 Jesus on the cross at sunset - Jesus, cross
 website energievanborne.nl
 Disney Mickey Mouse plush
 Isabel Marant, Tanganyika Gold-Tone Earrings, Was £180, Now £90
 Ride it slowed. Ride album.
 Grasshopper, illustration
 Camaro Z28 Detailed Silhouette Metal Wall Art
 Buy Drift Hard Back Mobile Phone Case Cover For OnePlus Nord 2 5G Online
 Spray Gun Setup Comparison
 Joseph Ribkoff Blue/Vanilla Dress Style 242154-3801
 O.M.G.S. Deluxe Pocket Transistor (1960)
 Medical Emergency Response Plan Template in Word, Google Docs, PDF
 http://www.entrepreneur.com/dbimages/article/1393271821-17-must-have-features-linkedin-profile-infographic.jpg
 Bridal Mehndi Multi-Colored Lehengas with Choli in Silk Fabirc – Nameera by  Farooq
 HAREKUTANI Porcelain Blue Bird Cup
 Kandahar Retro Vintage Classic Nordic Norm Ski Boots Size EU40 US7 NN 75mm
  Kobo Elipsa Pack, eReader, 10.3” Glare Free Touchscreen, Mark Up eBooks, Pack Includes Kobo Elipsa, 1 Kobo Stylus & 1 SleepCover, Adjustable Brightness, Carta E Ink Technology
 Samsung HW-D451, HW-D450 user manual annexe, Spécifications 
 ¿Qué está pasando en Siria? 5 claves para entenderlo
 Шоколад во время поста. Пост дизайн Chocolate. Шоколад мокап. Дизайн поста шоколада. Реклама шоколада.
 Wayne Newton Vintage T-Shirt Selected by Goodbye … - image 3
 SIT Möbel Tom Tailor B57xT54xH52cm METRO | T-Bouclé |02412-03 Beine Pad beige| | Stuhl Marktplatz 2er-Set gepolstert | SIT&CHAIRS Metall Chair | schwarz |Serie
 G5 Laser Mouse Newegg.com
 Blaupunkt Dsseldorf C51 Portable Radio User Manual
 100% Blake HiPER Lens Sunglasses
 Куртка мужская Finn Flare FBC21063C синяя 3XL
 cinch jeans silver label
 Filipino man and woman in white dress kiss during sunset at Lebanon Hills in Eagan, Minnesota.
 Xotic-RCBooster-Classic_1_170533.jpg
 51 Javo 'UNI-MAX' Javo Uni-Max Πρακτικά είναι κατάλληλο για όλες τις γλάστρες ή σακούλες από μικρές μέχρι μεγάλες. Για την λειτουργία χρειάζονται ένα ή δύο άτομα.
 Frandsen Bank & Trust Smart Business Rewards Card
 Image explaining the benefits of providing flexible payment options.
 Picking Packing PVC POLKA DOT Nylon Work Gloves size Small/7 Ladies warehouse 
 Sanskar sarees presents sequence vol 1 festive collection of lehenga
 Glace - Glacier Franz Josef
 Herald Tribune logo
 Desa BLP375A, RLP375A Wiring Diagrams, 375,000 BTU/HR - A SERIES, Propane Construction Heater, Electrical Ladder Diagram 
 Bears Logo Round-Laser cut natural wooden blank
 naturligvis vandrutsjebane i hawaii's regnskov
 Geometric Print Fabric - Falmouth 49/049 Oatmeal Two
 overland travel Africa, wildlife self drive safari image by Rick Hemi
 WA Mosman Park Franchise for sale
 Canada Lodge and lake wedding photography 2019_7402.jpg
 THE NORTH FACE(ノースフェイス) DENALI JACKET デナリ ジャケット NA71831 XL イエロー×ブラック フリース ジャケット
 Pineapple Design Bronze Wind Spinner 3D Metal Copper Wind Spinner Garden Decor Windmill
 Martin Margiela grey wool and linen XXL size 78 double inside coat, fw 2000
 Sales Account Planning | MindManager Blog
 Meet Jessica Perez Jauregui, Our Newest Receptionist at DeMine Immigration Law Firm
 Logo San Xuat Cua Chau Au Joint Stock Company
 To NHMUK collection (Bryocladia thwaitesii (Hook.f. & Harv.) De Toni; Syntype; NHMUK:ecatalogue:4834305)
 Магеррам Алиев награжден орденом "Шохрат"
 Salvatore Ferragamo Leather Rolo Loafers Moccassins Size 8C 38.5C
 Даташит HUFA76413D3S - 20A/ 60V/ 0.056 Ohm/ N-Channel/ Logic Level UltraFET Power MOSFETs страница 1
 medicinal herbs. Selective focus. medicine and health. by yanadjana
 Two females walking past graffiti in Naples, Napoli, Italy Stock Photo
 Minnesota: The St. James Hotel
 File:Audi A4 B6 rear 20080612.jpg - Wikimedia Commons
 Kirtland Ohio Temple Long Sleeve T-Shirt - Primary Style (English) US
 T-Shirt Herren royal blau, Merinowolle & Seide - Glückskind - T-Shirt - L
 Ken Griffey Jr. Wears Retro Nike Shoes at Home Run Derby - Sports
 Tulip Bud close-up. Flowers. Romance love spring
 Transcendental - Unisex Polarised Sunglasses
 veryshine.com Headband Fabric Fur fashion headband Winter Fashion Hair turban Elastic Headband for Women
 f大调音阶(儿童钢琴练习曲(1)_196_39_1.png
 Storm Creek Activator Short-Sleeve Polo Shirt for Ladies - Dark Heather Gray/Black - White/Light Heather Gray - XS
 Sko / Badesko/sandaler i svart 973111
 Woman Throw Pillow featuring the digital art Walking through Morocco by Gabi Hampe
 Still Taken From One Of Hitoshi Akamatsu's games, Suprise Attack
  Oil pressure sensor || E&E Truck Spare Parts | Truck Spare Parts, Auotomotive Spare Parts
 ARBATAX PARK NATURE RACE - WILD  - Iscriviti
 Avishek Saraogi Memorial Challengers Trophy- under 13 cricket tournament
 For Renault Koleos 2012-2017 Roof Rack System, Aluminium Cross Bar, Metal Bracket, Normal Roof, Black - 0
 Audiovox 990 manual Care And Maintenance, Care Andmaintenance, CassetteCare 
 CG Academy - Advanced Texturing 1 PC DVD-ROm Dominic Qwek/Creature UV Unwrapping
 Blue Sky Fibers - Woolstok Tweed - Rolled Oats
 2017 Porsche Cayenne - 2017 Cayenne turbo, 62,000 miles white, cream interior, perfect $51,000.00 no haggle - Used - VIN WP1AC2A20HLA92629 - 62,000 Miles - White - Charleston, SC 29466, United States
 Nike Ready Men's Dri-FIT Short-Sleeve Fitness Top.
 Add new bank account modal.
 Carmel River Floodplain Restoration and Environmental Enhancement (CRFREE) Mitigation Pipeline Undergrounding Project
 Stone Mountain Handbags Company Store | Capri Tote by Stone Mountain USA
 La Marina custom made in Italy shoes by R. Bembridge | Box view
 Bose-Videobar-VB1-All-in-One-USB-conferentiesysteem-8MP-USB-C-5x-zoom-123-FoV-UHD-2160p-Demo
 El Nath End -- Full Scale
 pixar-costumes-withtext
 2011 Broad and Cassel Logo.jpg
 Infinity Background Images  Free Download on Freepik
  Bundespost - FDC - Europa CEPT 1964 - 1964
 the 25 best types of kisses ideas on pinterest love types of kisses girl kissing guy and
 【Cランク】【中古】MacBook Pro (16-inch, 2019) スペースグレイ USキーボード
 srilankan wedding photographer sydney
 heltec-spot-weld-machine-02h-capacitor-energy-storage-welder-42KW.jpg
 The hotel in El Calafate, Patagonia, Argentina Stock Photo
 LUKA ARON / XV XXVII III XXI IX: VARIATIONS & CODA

● Task to carry out: Please return only the lines above, starting at the line that has "To NHMUK collection" and ending at the line that has "Даташит HUFA76413D3S - 20A/", keeping both and leaving each one unchanged.

● Exercise result:
 To NHMUK collection (Bryocladia thwaitesii (Hook.f. & Harv.) De Toni; Syntype; NHMUK:ecatalogue:4834305)
 Магеррам Алиев награжден орденом "Шохрат"
 Salvatore Ferragamo Leather Rolo Loafers Moccassins Size 8C 38.5C
 Даташит HUFA76413D3S - 20A/ 60V/ 0.056 Ohm/ N-Channel/ Logic Level UltraFET Power MOSFETs страница 1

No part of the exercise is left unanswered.